Many of the processes that take place at the cellular level are very complex. They require many steps to do what must be done. I’m talking about things like photosynthesis, the ADP-ATP cycle, even blood clotting.

Here’s the problem. One mutation would not cause any of these processes to appear in an organism. It would require quite a few. All of these mutations would have to occur in a single organism simultaneously. If all parts of the process did not appear simultaneously, there would be no advantage to them so natural selection would not select for it. (That assumes they would not be detrimental in their partial state.)

Needless to say, the mathematical odds against all of the right mutations occurring simultaneously are astronomical. Keep in mind that this would have to occur for every single biological process which is going on, and there are many, even in a single-celled organism.

Behe lays all this stuff out very nicely with diagrams in his book Darwin’s Black Box. Definitely worth reading if you are at all interested in this issue.

Gary
 
Biochemistry.

Many of the processes that take place at the cellular level are very complex. They require many steps to do what must be done. I’m talking about things like photosynthesis, the ADP-ATP cycle, even blood clotting.

Here’s the problem. One mutation would not cause any of these processes to appear in an organism. It would require quite a few. All of these mutations would have to occur in a single organism simultaneously.
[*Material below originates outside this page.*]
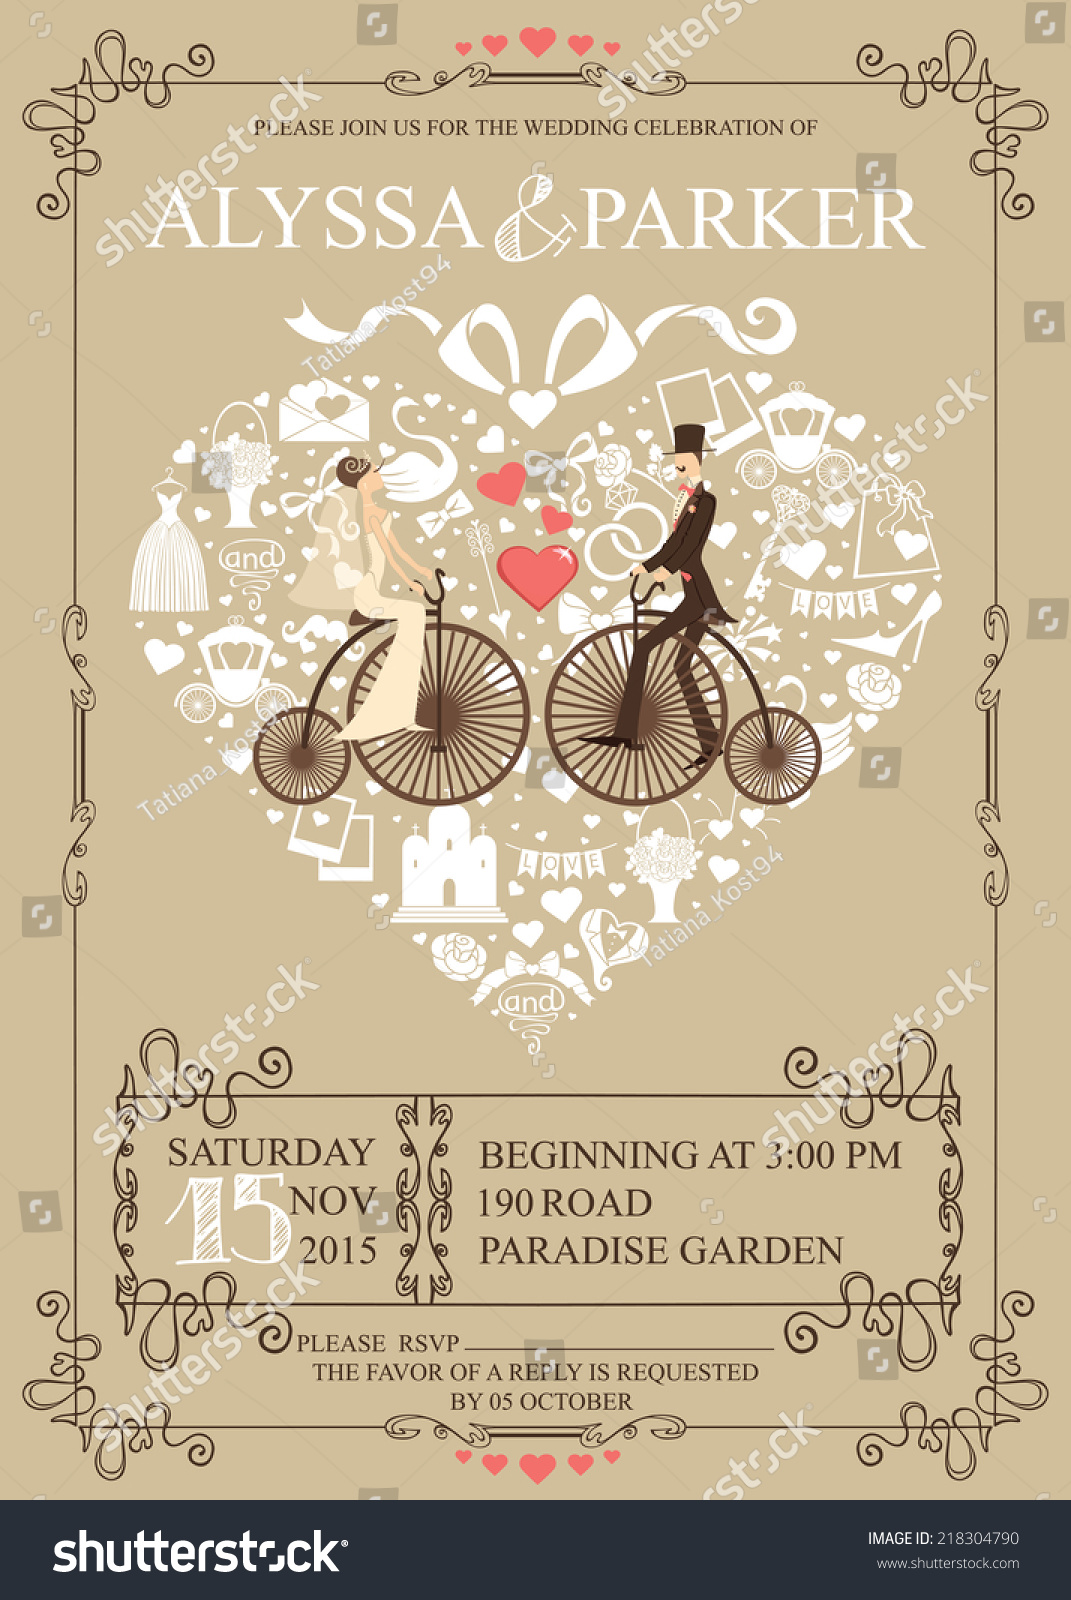 Cute wedding invitations designs

If all parts of the process did not appear simultaneously, there would be no advantage to them so natural selection would not select for it. (That assumes they would not be detrimental in their partial state.)

Needless to say, the mathematical odds against all of the right mutations occurring simultaneously are astronomical. Keep in mind that this would have to occur for every single biological process which is going on, and there are many, even in a single-celled organism.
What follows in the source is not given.